I'm not sure I'd use the profiler, it's statistical nature (usually based on timer ticks) means it is of limited use.
You can probably guess which parts of the code take time, implement a TSC instruction and use it to count the number of cycles taken to get through the code sections. Use the elapsed time to generate a histogram of how long each section takes.
I have these defines:
#define STAMP_SET(stamp) (stamp = SYS_CLK_COUNT())

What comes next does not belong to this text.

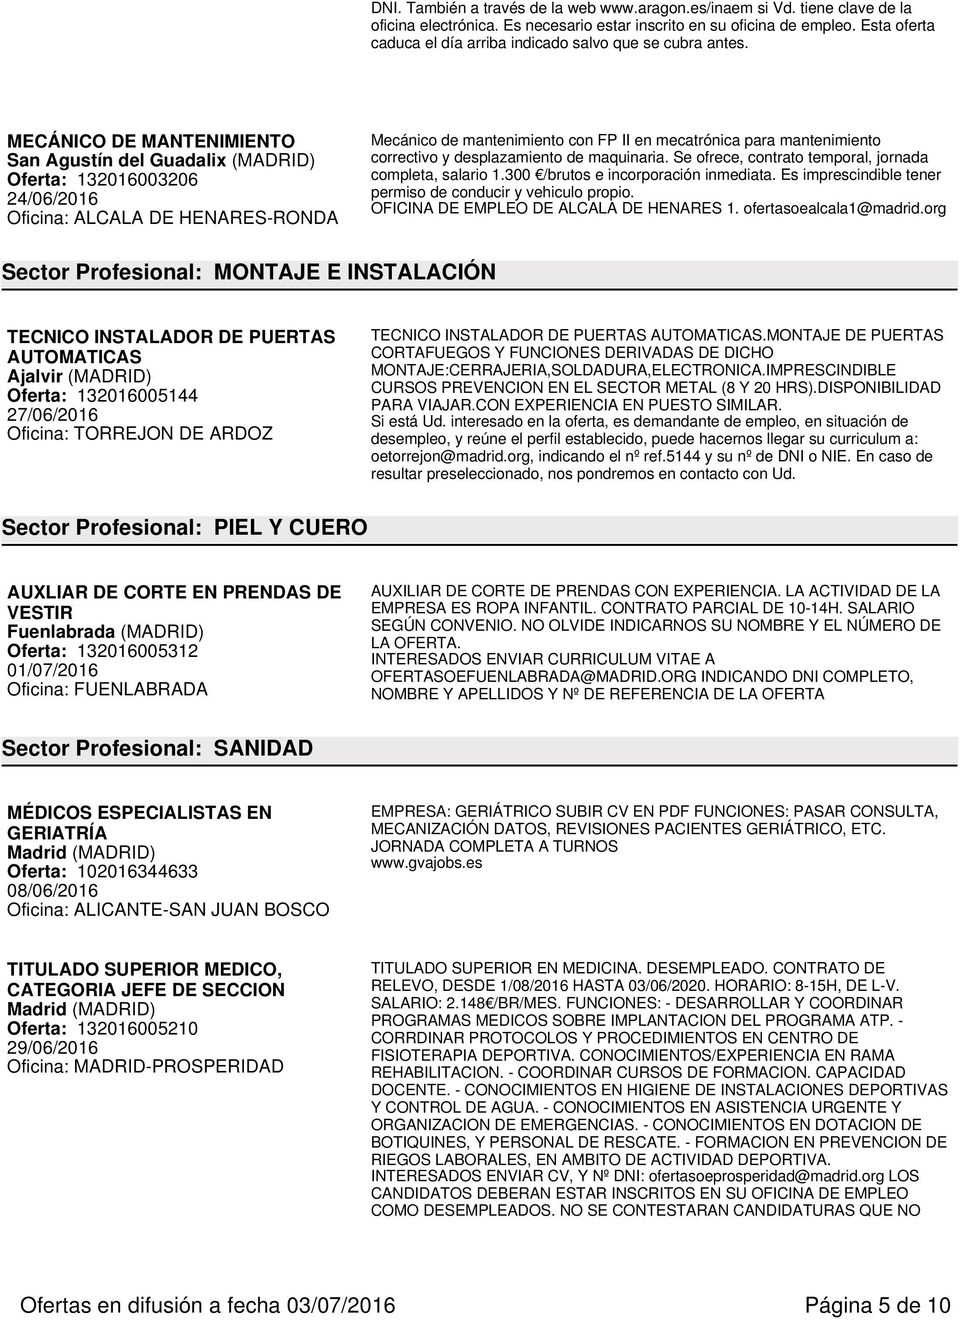 MECÁNICO DE MANTENIMIENTO San Agustín del Guadalix (MADRID) Oferta: 132016003206 Oficina: ALCALA DE HENARES-RONDA Mecánico de mantenimiento con FP II en mecatrónica para mantenimiento correctivo y

# define STAMP_COUNT(array, stamp, factor)
do {
unsigned int new_stamp, bucket, count;
new_stamp = SYS_CLK_COUNT();
bucket = ((new_stamp - stamp) & ((nelem(array) - 1) << (factor))) >> (factor);
count = array + 1;
stamp = new_stamp;
array = count;
} while (0)
which I use to generate 64-entry histograms of the execution time of code blocks.
I've a comment that says the above costs about 10 clocks - I can't remember if that includes the Avalon read to get the cycle count.
Since my code runs from tightly coupled instruction/data memory and the few Avalon xfers are usually uncontended the clock counts I get match those I calculate from the object code. SDRAM accesses perterb things somewhat (but I don't have many of those).
To get the code to run fast(er):
1) Ensure functions that can be inlined are inlined, try to get everything inlined (if code space permits).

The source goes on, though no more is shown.